Бесхвостый высоко задрал морду и беззвучно разинул пасть. Казалось, судорога свела ему глотку и он не может извлечь те нужные звуки, которые бы сказали стае, что охота кончилась неудачей и что он зовет ее совершить погребальную тризну. Пасть его открывалась и закрывалась, а голоса все не было, только со свистом вырывалось дыхание, пока, наконец, оно не вылилось из груди низким, протяжным, все нарастающим траурным воем. Он перекрыл голос Рваного Уха и замер на самой высокой ноте. Челюсти его сомкнулись. Он, вожак, выразил свою волю.
Высоко поднимая передние лапы, Бесхвостый, не глянув на волчьи трупы, пошел к Рваному Уху. Он не забыл его взгляд, когда чуть было не сорвался в пропасть. Но еще острее помнил вызов, брошенный ему перед всеми. Ни один волк, пока стая не признает его вожаком, не имеет права на Решающий бросок. Рваное Ухо позволил себе это и должен быть наказан. Одолей Рваное Ухо медведицу, то и тогда их спор решился бы в честном поединке или же Бесхвостый просто признал бы его превосходство, но сейчас картина была иной. Рваное Ухо лежал с переломленным позвоночником, и его следовало добить.
Бесхвостый остановился в двух шагах. Он сел и стал поджидать стаю, пока она соберется вокруг них. Превозмогая боль, поднялся на передние лапы и Рваное Ухо. В немигающем взгляде выражалось открытое презрение к своему сопернику.
Волки расселись кругом, и тогда Бесхвостый поднялся. С минуту он глядел на Рваное Ухо, а затем коротким, рассчитанным броском опрокинул его грудью в снег...
Рваное Ухо умер молча, как и подобает тем, кто мог бы стать вожаком стаи. И стая воздала ему должное. Через минуту он был растерзан и съеден.
10
Два дня еще волки рыскали возле берлоги. А затем, убедившись в пустой трате времени, Бесхвостый снял осаду и увел поредевшую стаю на восток, в долины, где пасли свои отары ставшие на зимовье кочевники. Там, чиня опустошительные набеги, они и пробыли до весны, пока не пришло время спаривания и, стало быть, возвращения в родные места
Но дальнейшая судьба Розовой Медведицы вынуждена была резко измениться...

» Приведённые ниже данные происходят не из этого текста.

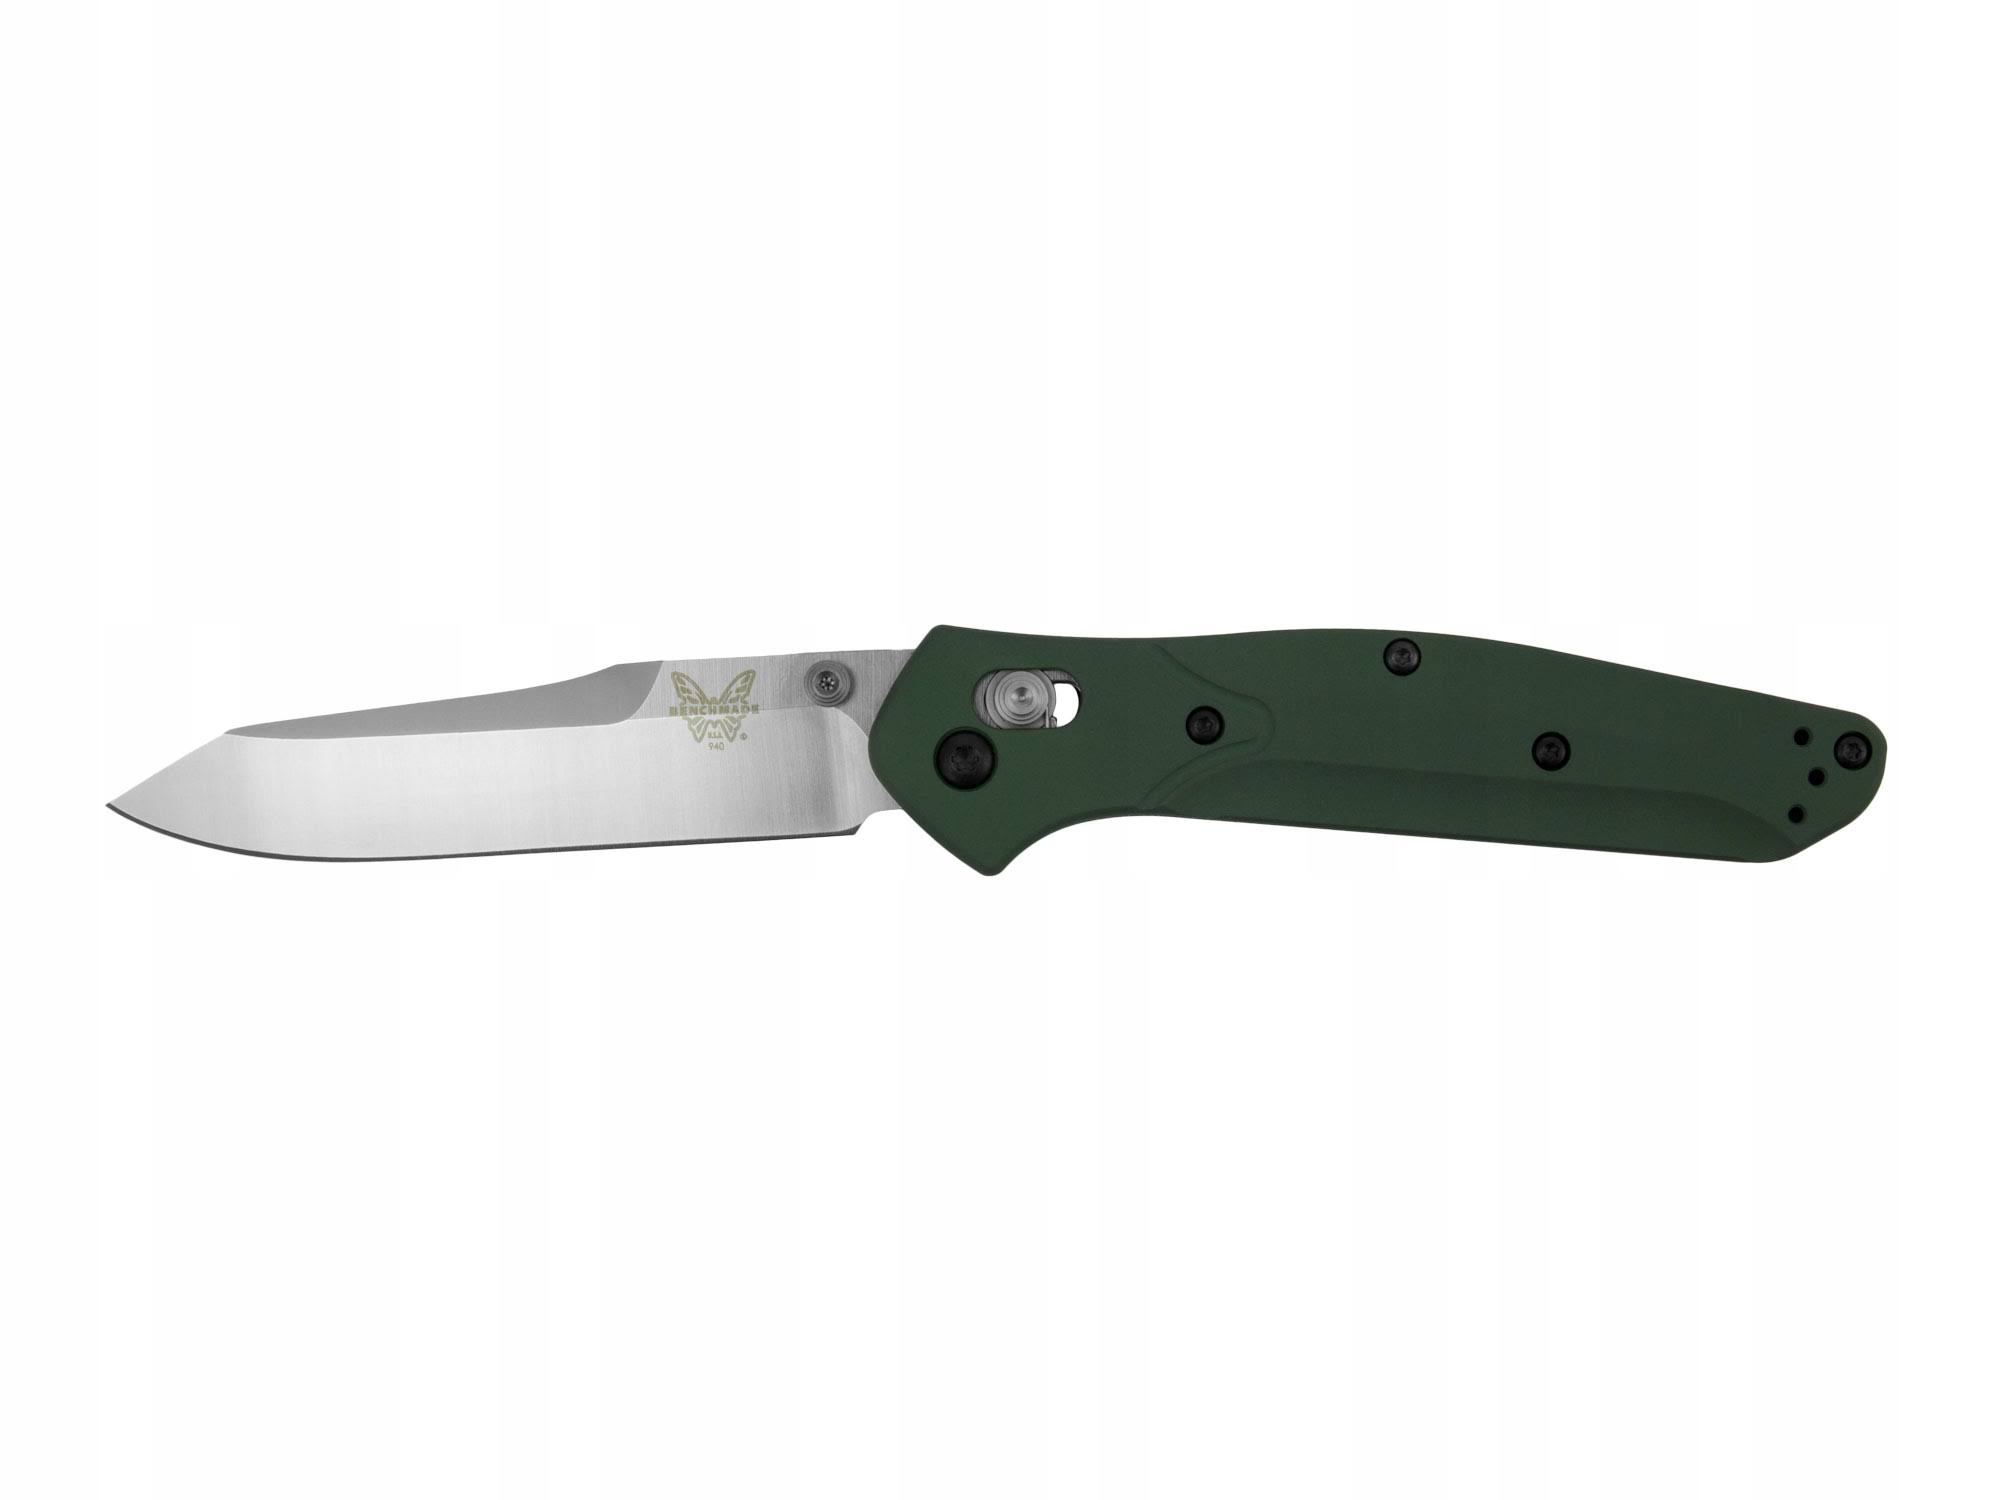 Benchmade 940 Osborne Design Knife

Жестоко израненная, измученная, ощутившая острый голод, пять дней она зализывала раны, все еще пребывая в страхе и сильном волнении, а на шестой, задолго до положенного срока, у нее родилось два мертвых медвежонка. Она пыталась согреть их дыханием, но они, неподвижные, становились все холоднее и холоднее, пока не остыли совсем и их трупики не превратились в окоченевшие тушки. Тогда медведица поняла, что они мертвы, и лапой отгребла их в сторону.
Голод мучил страшно, но смертельно напуганная волками, она не осмеливалась выйти наружу и поискать себе какой-нибудь пищи. Медведица не могла больше продолжать спячку. Организм требовал подкрепления, и голод гнал из берлоги.
Исхудавшая, больная, злая на весь свет, она наконец вышла и, уже невзирая на возможную опасность, принялась жадно ломать хрупкие, настывшие на морозе ветки яблонь. Она жевала их, не ощущая никакого вкуса, просто торопилась хоть чем-нибудь набить желудок. Но это была плохая пища.
С этого дня для медведицы началась голодная, неспокойная жизнь обозленного шатуна. Постоянный голод настолько взвинтил ее, что убил в ней чувство страха, теперь она готова была сама напасть на целую волчью стаю. Но владения опустели совсем. Волков и тех не было. Выпавший снег припорошил их следы, и безмолвные горы стали еще более мертвым, холодным царством.
За неделю скитаний ей удалось поймать всего лишь двух серебристых полевок. Но что там какие-то полевки? Она проглотила их целиком, едва придавив зубами. На восьмой день Розовая Медведица оказалась у Порфирового утеса и, пробродив около него ночь, напала вдруг на круглый след снежного барса. Она понимала, что это враг не менее опасный, чем волки. Но голод сделал ее безрассудно смелой. Она пошла по следам, и скоро они привели к огромной пещере с неровным угловатым входом, откуда шел вкусный, одуряющий запах мяса. Вход был большой, свободный, и в нем лежал высокий сугроб снега, наметенный вьюгами. Медведица поднялась на дыбы, страшно, угрожающе заревела, а немного спустя из пещеры через сугроб с диким кошачьим воплем выскочил молодой барс. Она еще раз рявкнула, и тот огромными прыжками бросился мимо нее вверх по утесу.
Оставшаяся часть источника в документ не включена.